NORTH KOREA WARNS OF ALL-OUT WAR

By the CNN Wire Staff

S T O R Y    H I G H L I G H T S

  • North Korea continues to protest U.S. and South Korea's military drills
  • The U.S. and South Korean drills will go on until Friday
  • The drills are a response to the sinking of a South Korean ship, the U.S. has said

(CNN) -- North Korea warned Tuesday that the continuing military drills by the United States and South Korea could lead to "all-out war any time."

The firmly-worded message was published in North Korea's state-run KCNA news service.

"If the U.S. and the South Korean war-like forces fire even a shell into the inviolable land and territorial waters of the DPRK, they will have to pay dearly for this," the news service report said.

South Korea and the United States launched joint anti-submarine military exercises on Monday, drawing consternation from North Korea.

Seoul and Washington postponed the exercises earlier this month because of a tropical storm.

The drills, which are to run through Friday, are "designed to send a clear message of deterrence to North Korea," U.S. Forces Korea have said.

U.S. officials have said the exercises off the western coast of the Korean peninsula are in response to North Korea's sinking of a South Korean warship in March.

In May, a report from South Korea blamed the North for sinking the Cheonan warship with a torpedo, killing 46 sailors.

North Korea denies sinking the ship and says South Korea and the United States are using it as a pretext to conduct the war games.

The drills also come after the November 23 shelling of a South Korean island by North Korea. The attack on Yeonpyeong Island killed four South Koreans and injured 15 others.

U.S. Navy crew members work on the aircraft carrier USS
 George Washington during a joint U.S.- South Korean military exercise



Brink of War

By Matt Gurney


November 24, 2010 - Early Tuesday morning, local time, South Korean military forces were conducting a military exercise from a Marine base on the island of Yeonpyeong. The exercise involved firing artillery from the base, out over the Yellow Sea, to the south of the island — and away from North Korean territory.

North Korea contacted the South during the exercise and demanded that the South cease fire. When the South refused to comply with the North’s demand, North Korea opened fire [1] on Yeonpyeong Island, territory that has been recognized by the United Nations as belonging to the South for 57 years.

This attack is the most serious incident between the two nations since they were divided after the Second World War.

The North Korean attack, involving approximately 100 artillery shells, hit the base on Yeonpyeong, killing two [2] South Korean Marines and wounding 15 others. The North also shelled several civilian villages around the base. It is not known whether or not the civilian areas were intentionally targeted or were hit due to failures in North Korean targeting, but multiple (reports range from several to several dozen) private homes and buildings were destroyed. The island’s civilian population quickly sought shelter underground, but three civilians were still wounded in the attack.

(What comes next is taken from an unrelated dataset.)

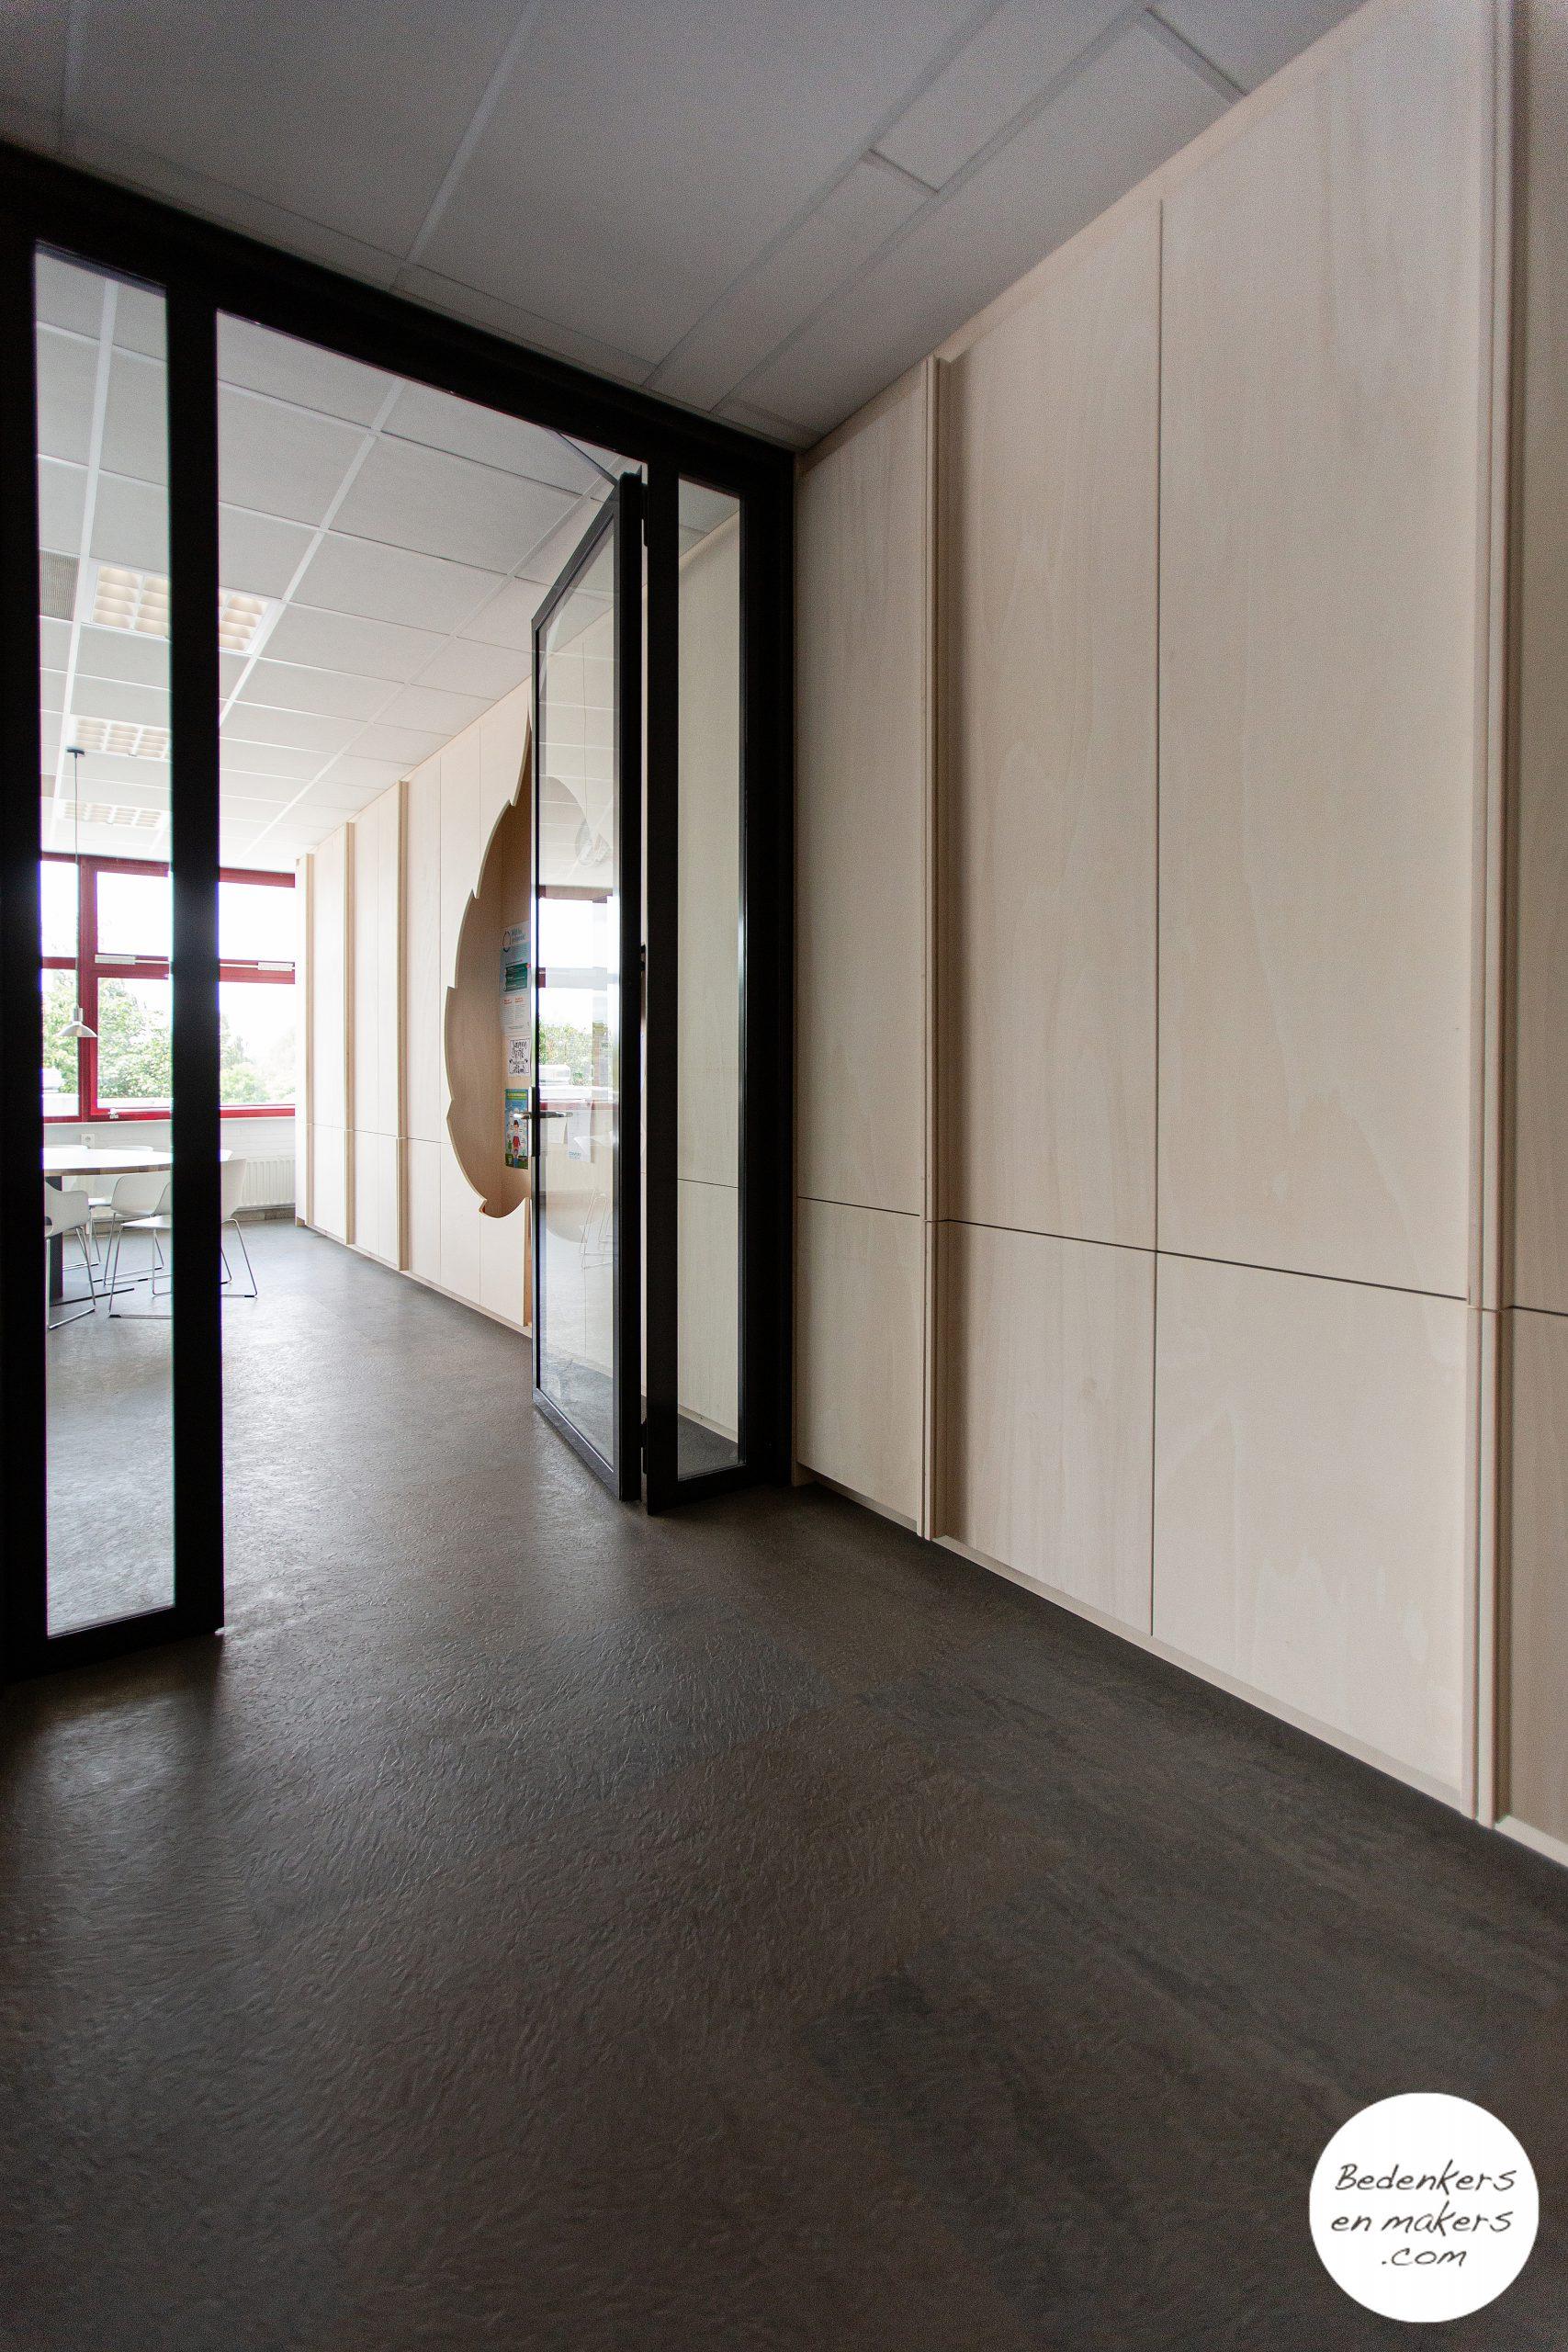 Een moderne, uitnodigende personeelskamer

South Korea was not long in responding. It immediately returned fire with its own artillery; while the North has of course not revealed its own losses, the South Korean military is a modern, well-equipped fighting force, and it’s near certain that they hit what they were aiming at. North Korean casualties are likely. The South also scrambled F-16 fighter jets [3] to the area, but there are no reports yet as to whether or not they engaged any targets in North Korea. The South Korean military, while holding off on any further reaction to the North’s attack, is now at its maximum state of alert.

It is difficult to overstate the gravity of Tuesday’s attack. The two Koreas are both heavily armed nations, locked in a permanent state of war since a truce ended the Korean War in 1953. The two armies face off against each other across the Demilitarized Zone, where the modern military of South Korea, some 600,000 strong, is opposite a larger North Korean military, of an estimated one million troops, armed with mid-20th century weapons.

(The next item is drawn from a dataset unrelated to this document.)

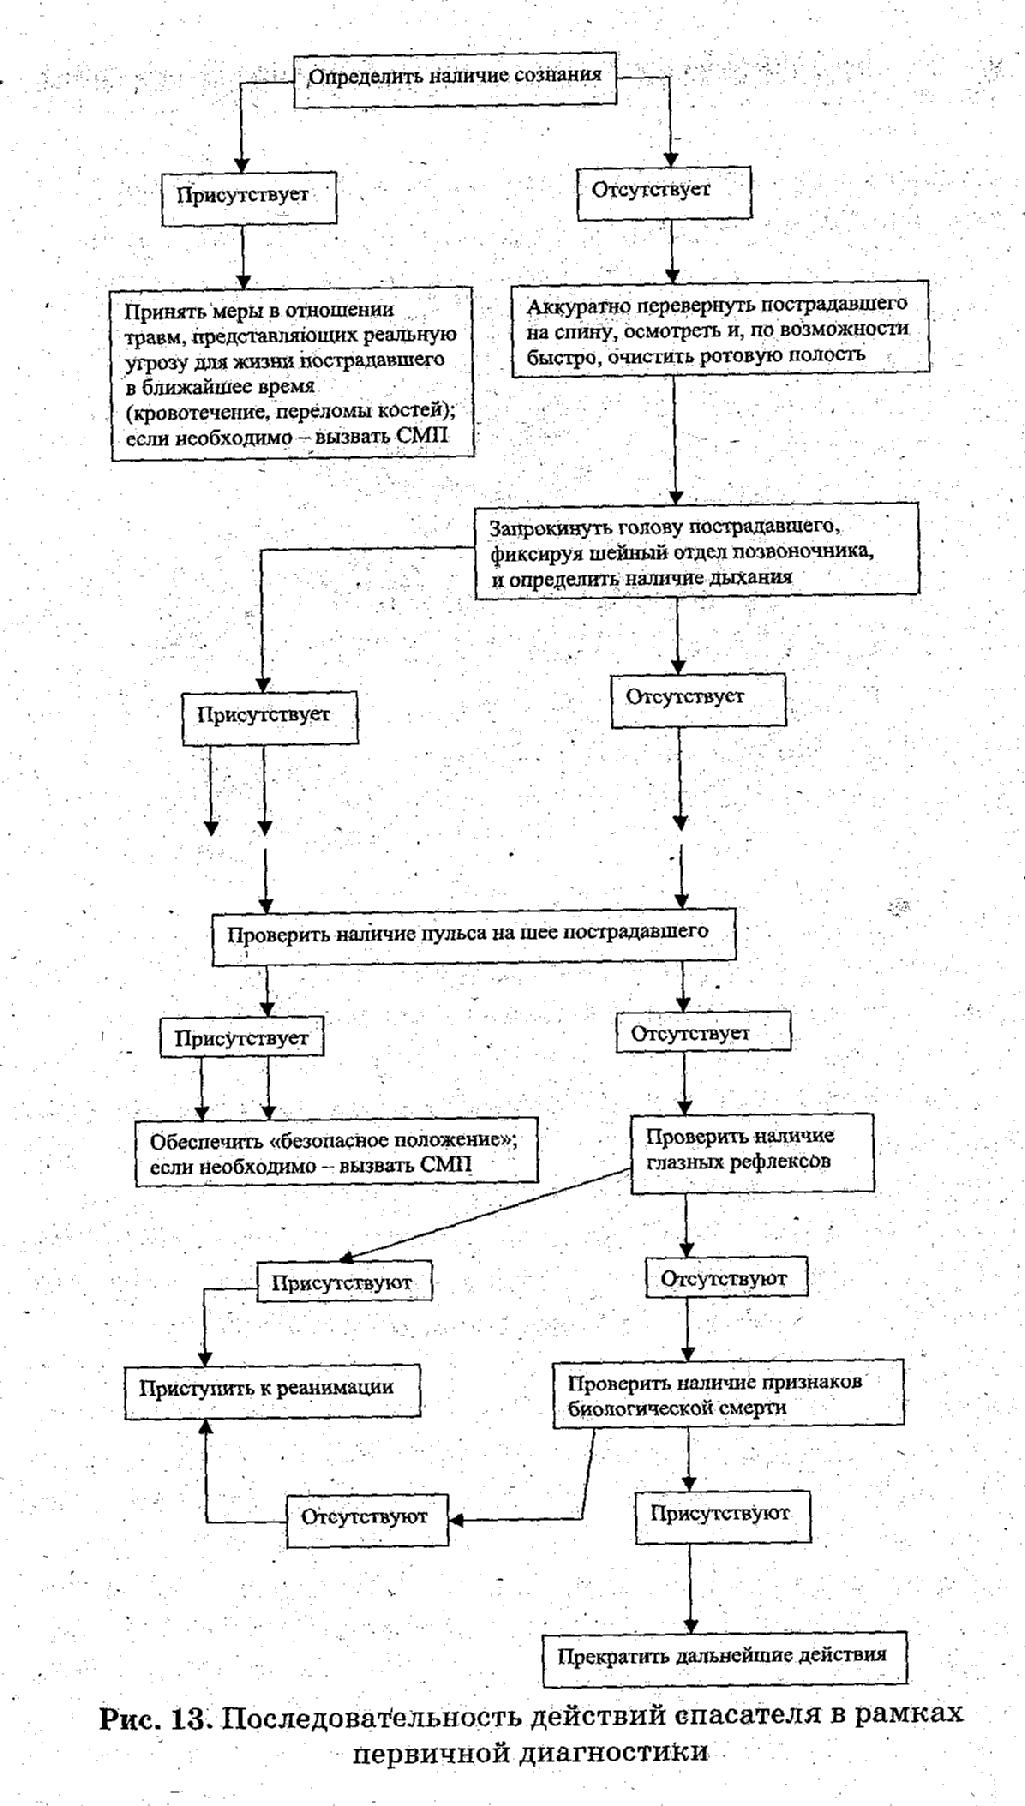 Стадии и этапы сердечно-легочной реанимации

The North’s technological backwardness should not cause anyone to underestimate it. Quantity has a quality on its own, and in a final battle between the larger Cold War-era force and the modern, mobile South Koreans, while the South would likely win, it would not do so cheaply. Its capital city, Seoul, is within artillery range of North Korean positions, and as the North has shown today, it is now willing to use its artillery against South Korean soil. Any war between the two would be devastating in both lives and property and would send shockwaves through the fragile global economy.

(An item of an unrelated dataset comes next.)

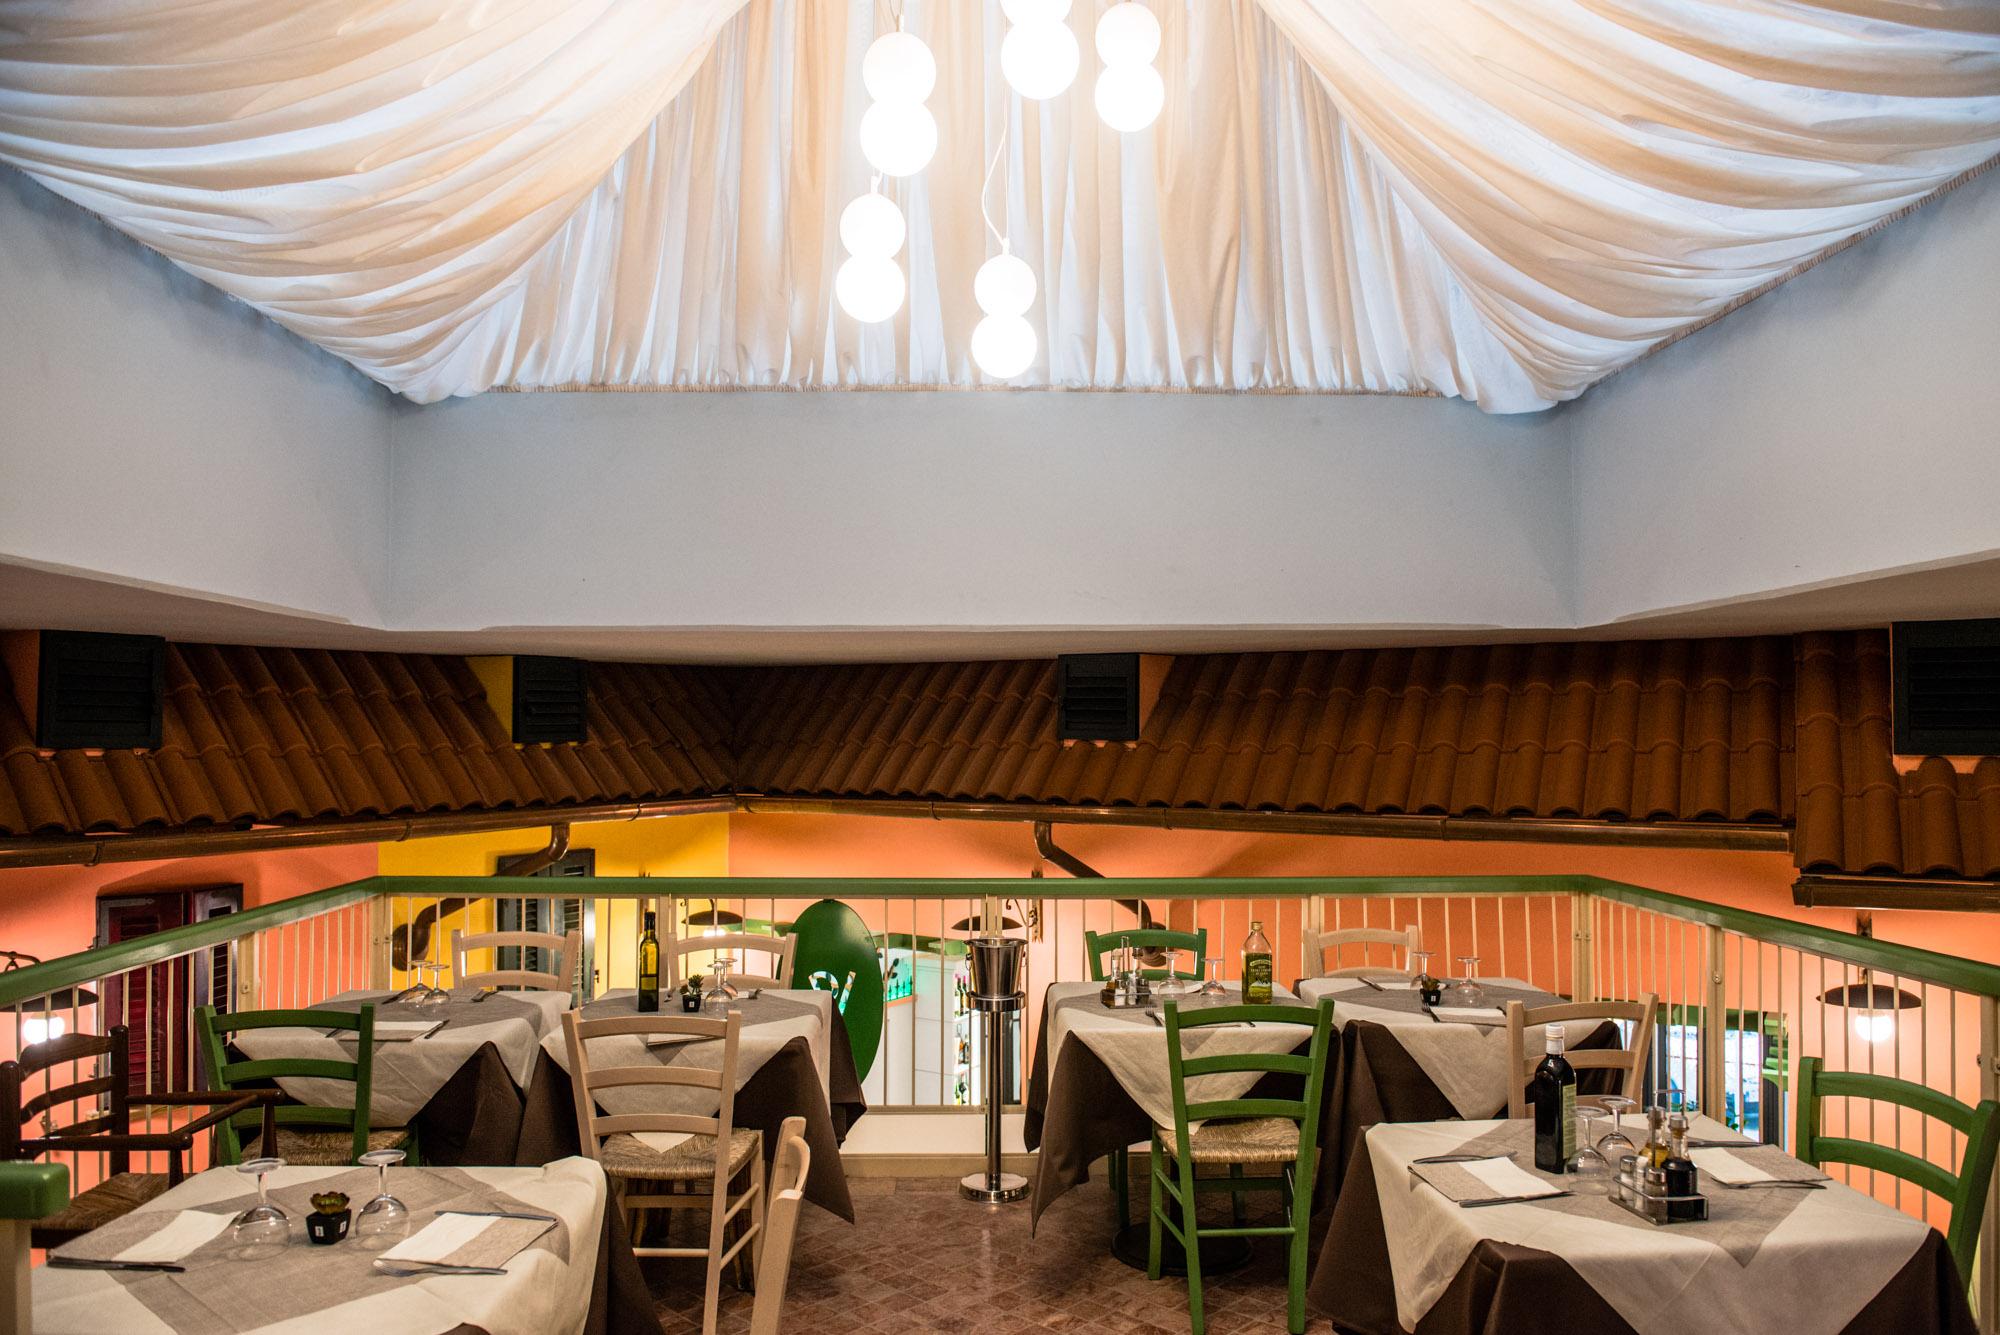 soppalco ristorante vecchia senese livorno

This is not the first time that the South has been provoked by North Korea.

Indeed, it was only eight months ago, in March,that the North Korean Navy launched an unprovoked attack [4] upon the South. The South Korean warship Cheonan was torpedoed as it sailed the waters near Yeonpyeong Island. The torpedo explosion, which struck with no warning, blew the Cheonan in half. She went down quickly, taking 46 men with her. Another man, a South Korean rescue diver, would later die during search and recovery efforts to the Cheonan’s hulk.